Ever the advocate, Leola also helps people build negotiation skills, not just for salary negotiations, but around conditions at work. “At the places I volunteer, I get to know the folks that work there and learn about their personal struggles. Are they living with some dysfunction in the family? Do they have illness in the family? Do they have cancer themselves? I will talk to people and just encourage them. Bob and I both share this. We both feel that when you support an organization, you're actually supporting the people doing the work.”
Values into Action
Although Leola was raised American, her mother Yuriko, ingrained in her the very Japanese values of mutual respect, collective responsibility, and social harmony. These were the values that Yuriko embodied throughout her long life. She was a community mediator in Japan, helping facilitate dialogue between arguing neighbors. Then towards of the end of her life, she served San Jose’s Japantown as a volunteer librarian.

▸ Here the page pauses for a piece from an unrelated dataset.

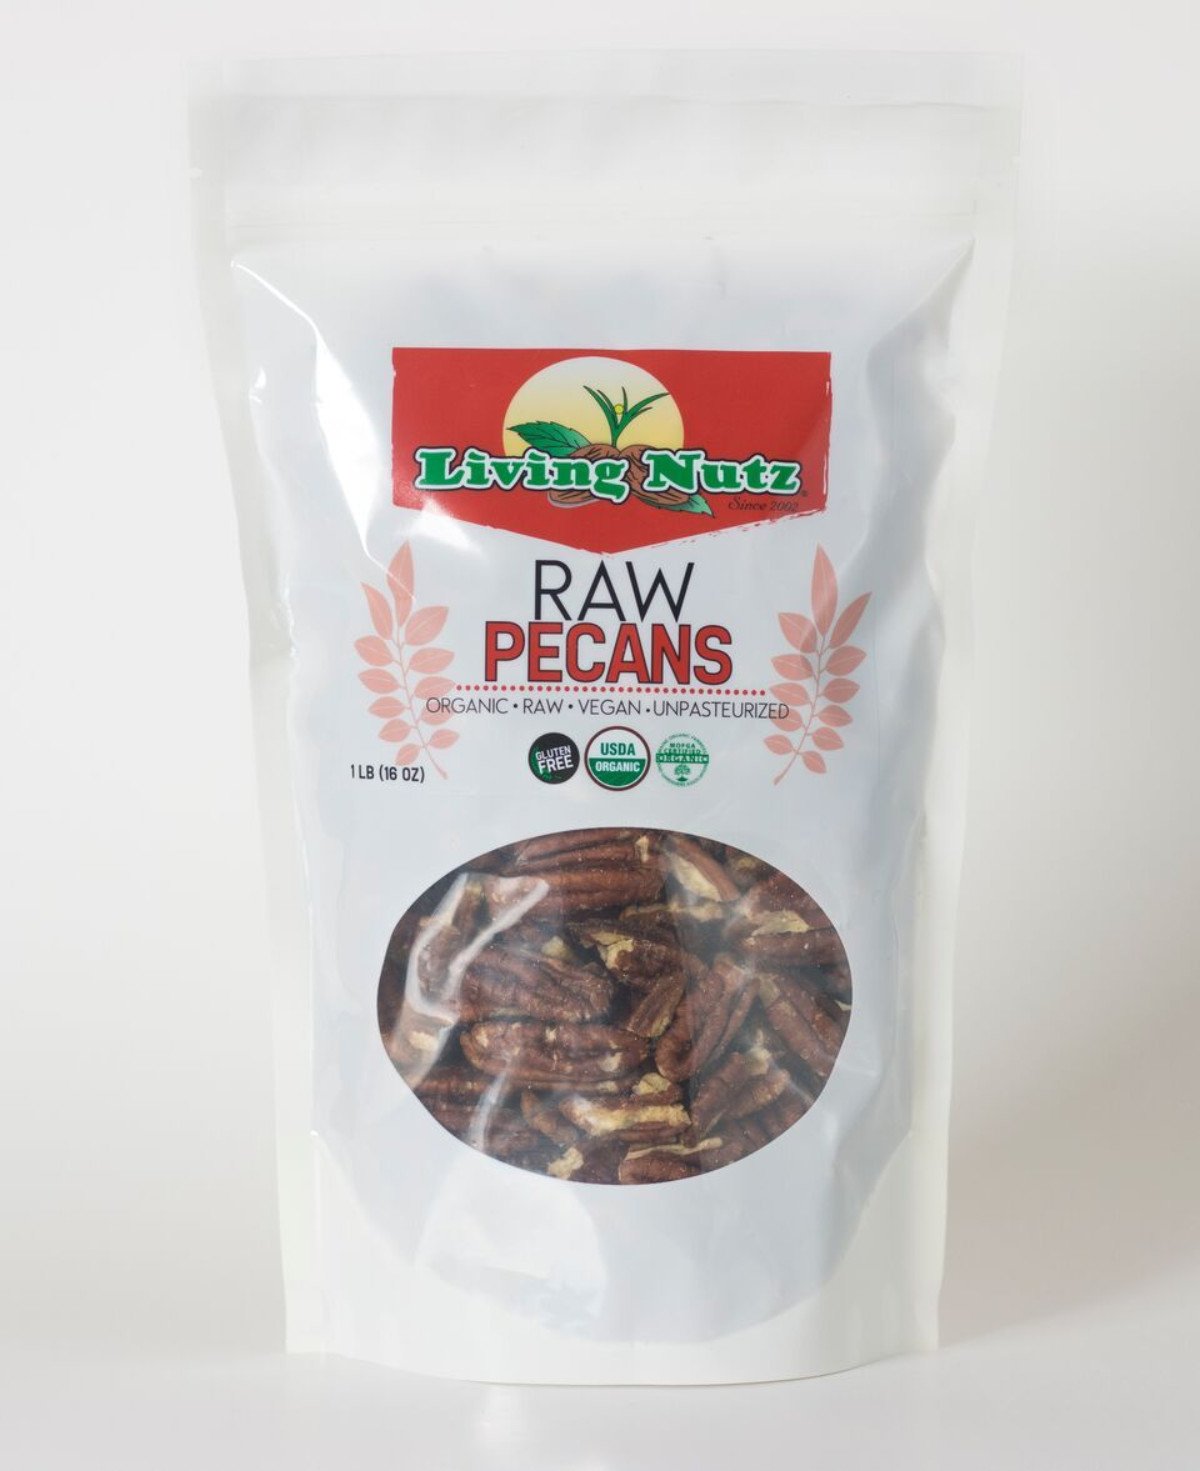 Raw organic pecans grown in the US. Pecans are a healthy type of nut.

From her father Harry, Leola learned the Jewish value of Tikkun Olam, a central principle of Judaism which means repairing the world. Leola laughs, “I got it from both sides! Through my parents I came to believe and practice the importance of giving back.”
A Natural Fit
In the 1990s, Georgia Brauer was serving as president of the Community Foundation’s Board of Trustees. It was Georgia, a dear friend of Leola and Bob’s, that first invited them to open a Donor-Advised Fund (DAF) at the Foundation as a centralized place to do their charitable giving. Leola says, “The idea of joining the Community Foundation family came very naturally to me.” And then, in true Leola fashion, she joined the Board and served for nine years from 2006 – 2014. In that time, she was on every possible committee including the scholarship committee, the grantmaking committee, and the executive committee.

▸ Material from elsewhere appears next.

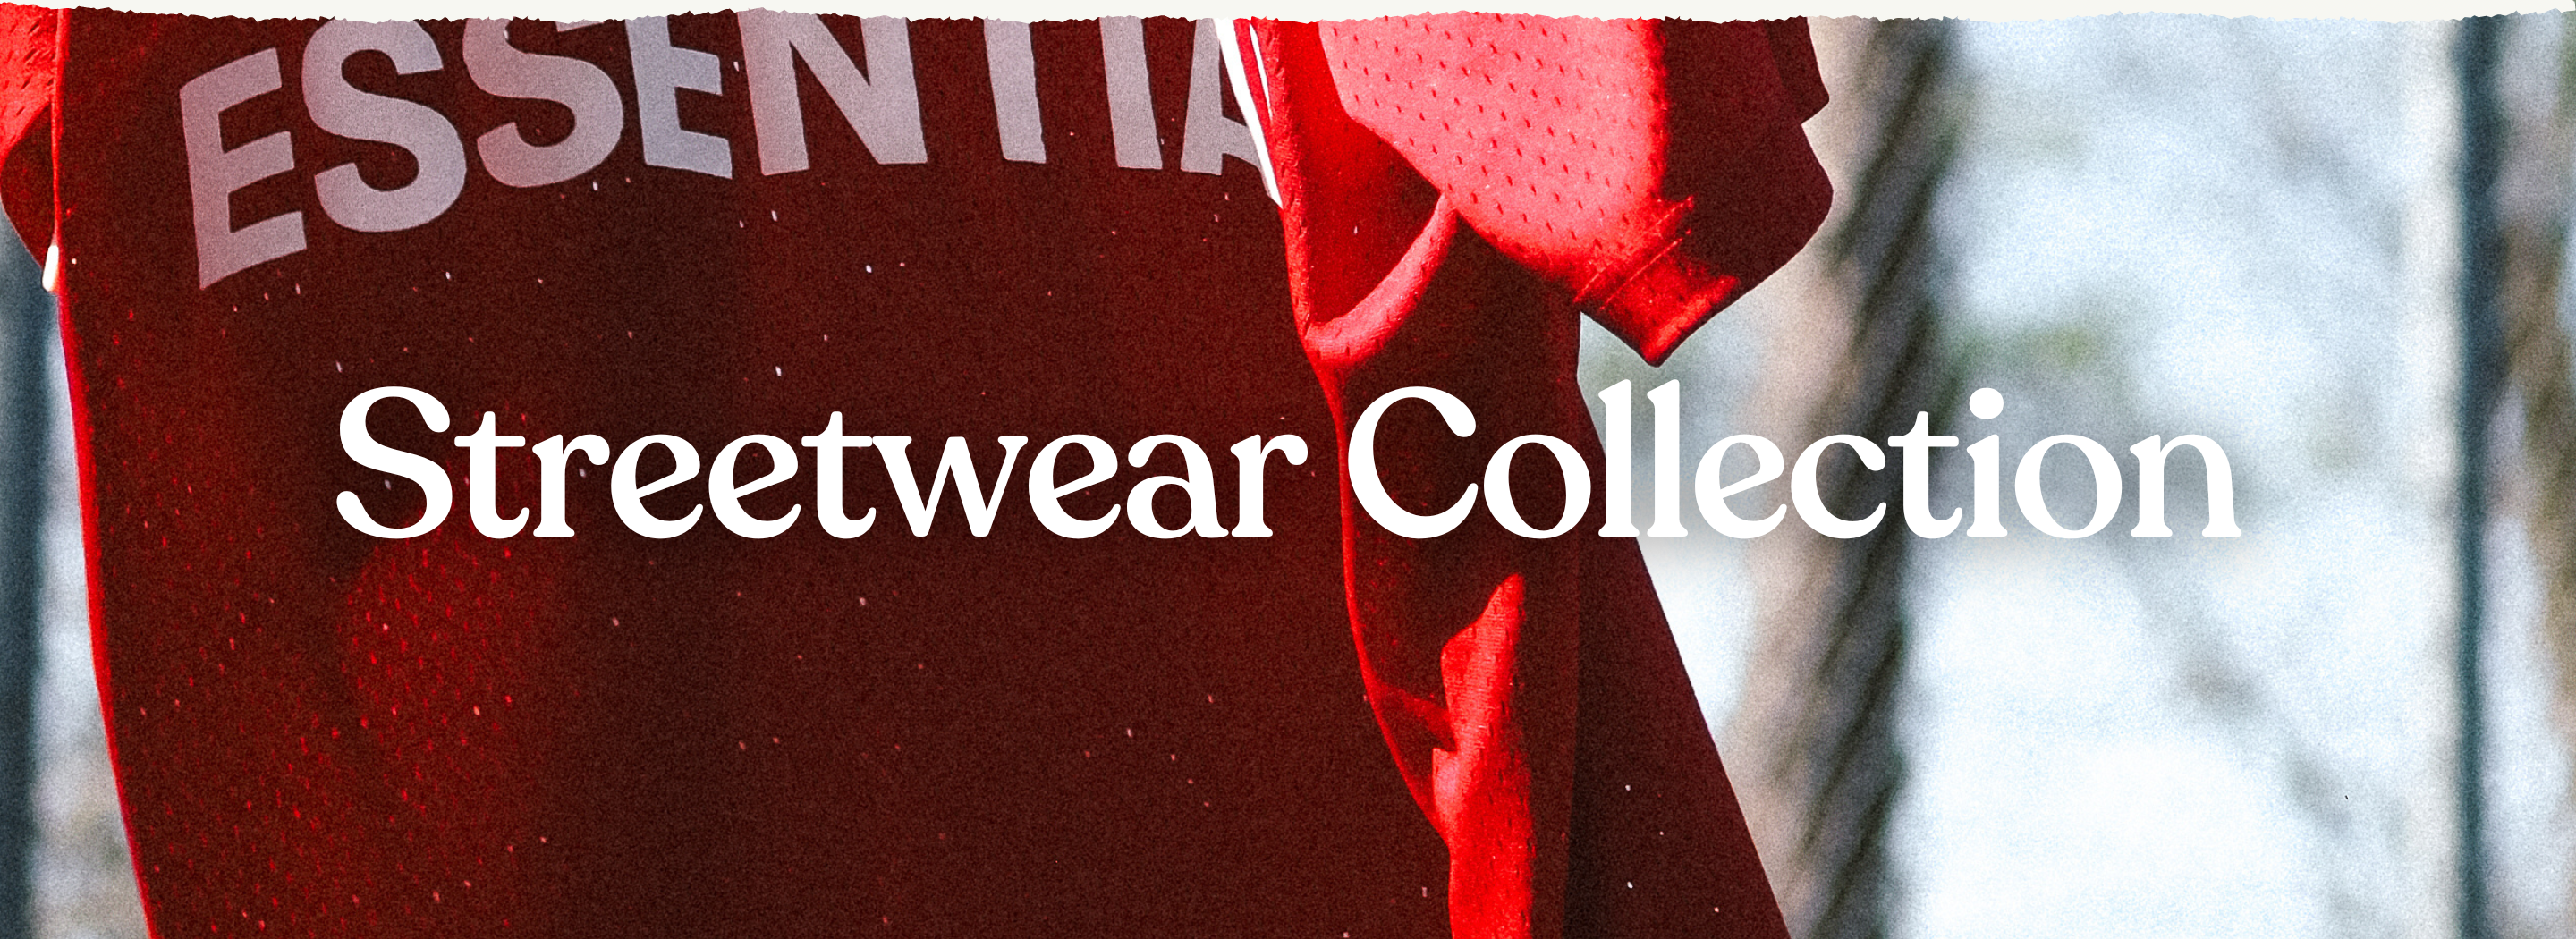 a red jersey in the air with caption: "Streetwear Collection"

I am so proud of our Community Foundation. I know the cast of characters, I know the outreach, I've seen the trajectory of growth, and I can say with confidence that it is incredibly well run.
- Leola Lapides
Bob and Leola have had their DAF for over 30 years now. She says, “At the time we opened it, my kids were young, and as they grew, it gave us the wonderful opportunity to teach them the importance of giving time, giving effort, and giving money as much as you can to causes you believe in.”
Leola and Bob also established a Memorandum of Charitable Intent (MOCI) at the Foundation to ensure that they can help support the causes they care about even after they are gone. The MOCI is a simple document that the Community Foundation uses to help donors create and direct gifts from their estate, whether through a will, living trust, or beneficiary designation.
Leola says, “The MOCI is the vehicle that streamlines our giving while enabling us a holistic approach to community philanthropy.”
Keeping the Ball Rolling
Right now, Leola isn’t serving on any Boards of Directors, but you can be sure she is working behind the scenes on many projects, fundraising, mentoring, and recruiting folks into board service.
Her deepest wish for everyone in Santa Cruz County is that people experience ease, safety, and wellbeing.
She says, “We have a small enough county where we can really help each other. I truly feel that together, we can move this ball forward to make Santa Cruz County a better place.”